Dinner afterwards was at the upscale Bulgogi Brothers just off the Chongyechon and within walking distance of the hotel. We had a great set meal, more than we could eat: various kinds of kimchi and side dishes like mashed pumpkin, a bean and tofu soup, a green salad with cooked meat, grilled beef ribs, sweet potato soup, and a sweet, cold dessert.

King Sejong statue in Seoul with the Gwanghwamun behind

The next day was Buddha’s Birthday. Cindy went sight-seeing with another friend, and I met up with Soon-young, my friend and colleague from Dongguk University. We strolled along the Chongyechong, pausing to take pictures of lotus lanterns strung over the water, Buddhist figures in the stream, and demonstrations against inadequate government compensation for houses and businesses.

Changing the guard at Kwanghwamun

On the majestic avenue Sejong-ro, there was the old statue of the sixteenth-century Admiral Lee Sun-shin, famous for his defeat of the Japanese. Following that, several lanes of traffic lanes had been removed and replaced with a pedestrian promenade and a new statue honoring King Sejong, the fifteenth-century Chosung Dynasty monarch best known for instituting a number of technological advancements and hangul, the phonetic Korean alphabet, which made reading immeasurably easier than with Chinese characters. Further on, we found tents displaying old handicrafts and recent models or replicas of them.

Sejong Avenue ends at Gwanghwamun, one of the ancient gates to the city, and Gyeongbok Palace behind it. When I first arrived in Seoul, between the gate and the palace was the neo-classical-style Colonial Administration Building, which the Japanese had erected during the Annexation and which later served as the Capital Building and then the National Museum. Many Koreans hated it, claiming that with their usual sensitivity the Japanese had cut off the flow of earth’s energy from the mountain into the city, obstructed the view of the palace and demolished all but ten of the 400 palace buildings.

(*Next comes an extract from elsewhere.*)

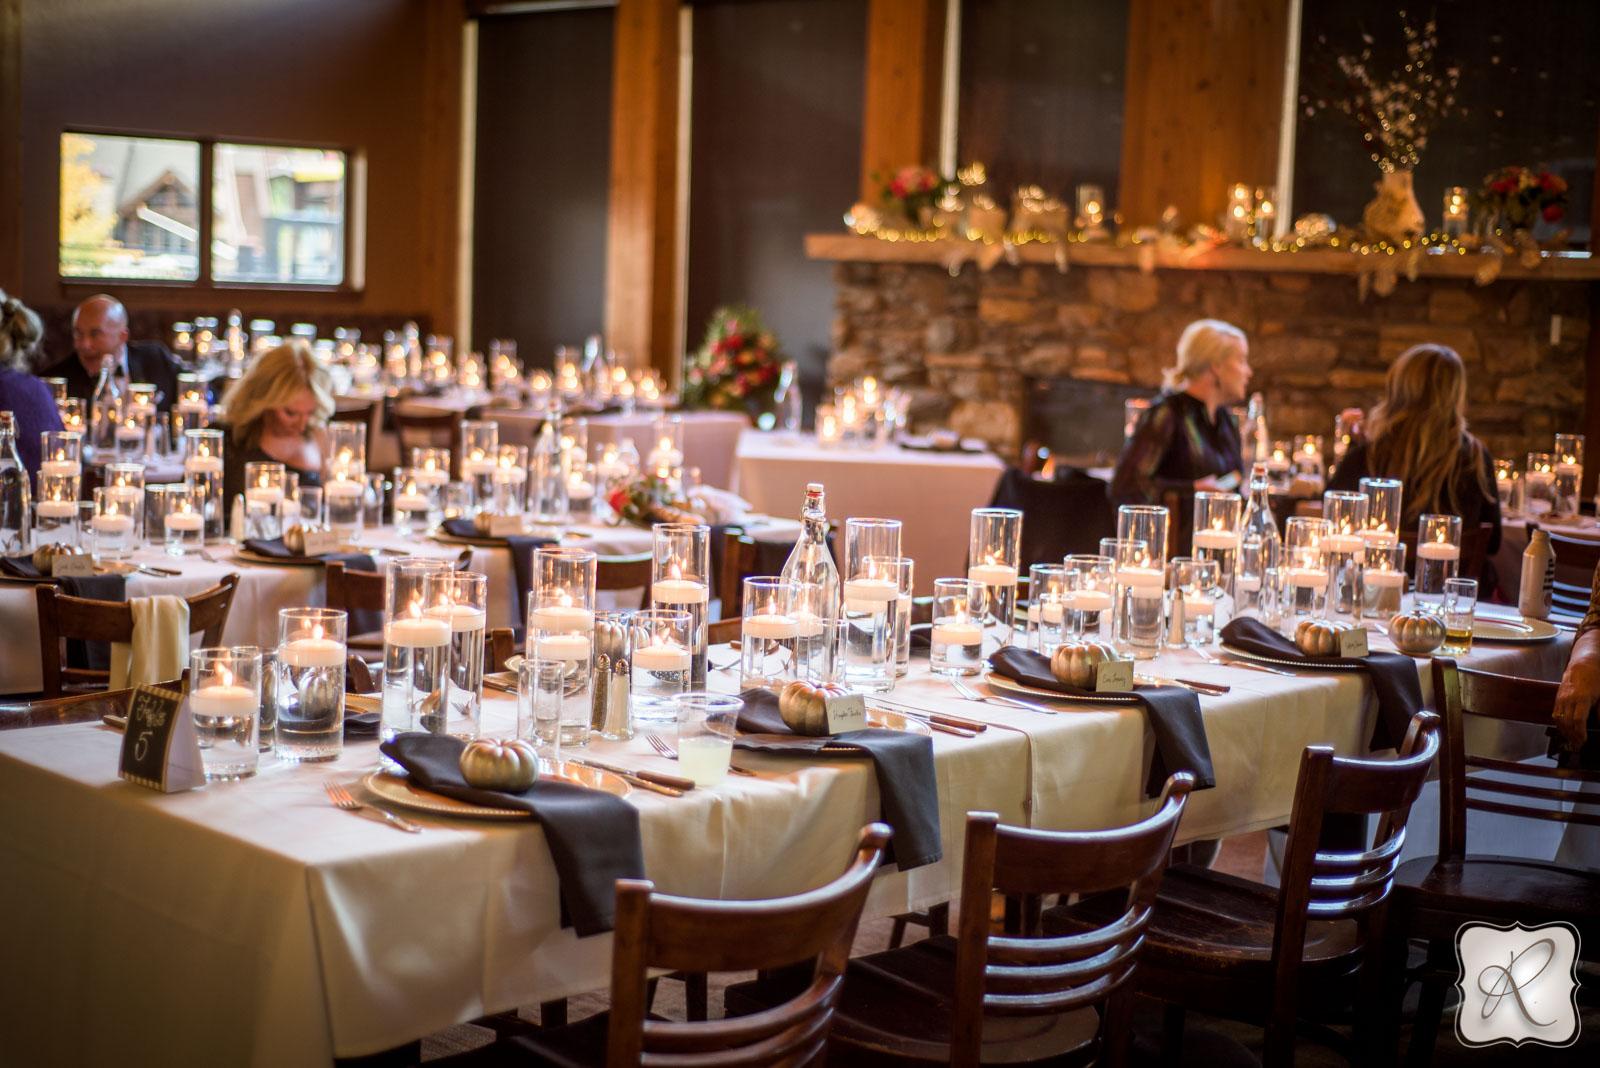 Romantic wedding receptions

The National Museum Building was torn down in 1995, allowing a beautiful view of the gate, the palace, and the mountain peak beyond. Soon-young and I happened to arrive in time for the changing of the guard.

After a stroll down the main street of Insadong, the art shop center, we had a traditional Korean meal and visited Chogye Temple. But there was a very long line to get in, and we’d both been inside the temple many times before, so it was off to Dongguk University for more pictures and a quick chat with the head of the Linguistics Department, who even on a major holiday was laboring away in his office. We got the taxi driver to stop for two minutes outside my old apartment. For dinner we joined Cindy in a Tibetan restaurant, also on Chongyechon.

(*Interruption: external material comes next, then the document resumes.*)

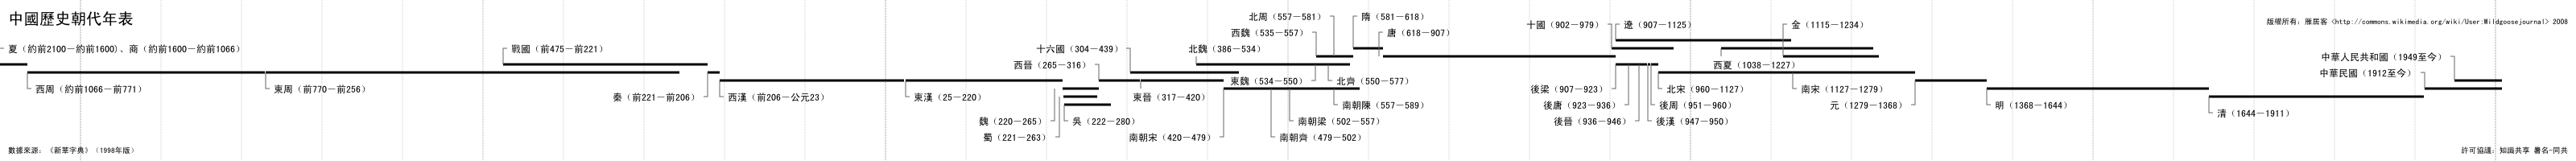 ����Ŵ��й���ʷ������� Chinese dynasties timeline

Myongjin-kwan. my classroom building at Dongguk
The temple at Dongguk University

The next day there was hotel check-out, lunch in a restaurant near the hotel, a taxi ride to the H&R Block office in Itaewon which has been doing my taxes since 1988—some things do not change. After parking my bag in Starbucks, I looked for a favorite jewelry store where in the past I’d found distinctive pieces with large semi-precious stones, but it had been replaced by one with more conventional items. I did find Foreign Foods, which is particularly good for Indian and Mid-Eastern ingredients, still in its place on the street leading up to the mosque. It’s a friendly place. I bought my fenugreek and remembered how much I’d felt that foreigners living in Korea should support each other.

Syll serves the soup
Outside my old house

Something happened on the trip that I haven’t yet found words for. I felt very much loved by old friends like Soon-young, who’s been part of my life since we met in 1989, and new ones like Cindy, who’d become a close friend over Skype and the telephone. With some people there was plenty of time for long talks.

I have a strong sense of place. At one point I said, “I love this city,” and Cindy said, “I can tell.” There’s something both comforting and exciting about being where you have a long history and watching it evolve right before your eyes, particularly if it also remains intimately familiar. It’s like seeing an old friend after years and resuming your conversation almost mid-sentence, even though you also appreciate her new make-over. “Permanence in change” may sound trite or sentimental, and yet I think that’s what it is.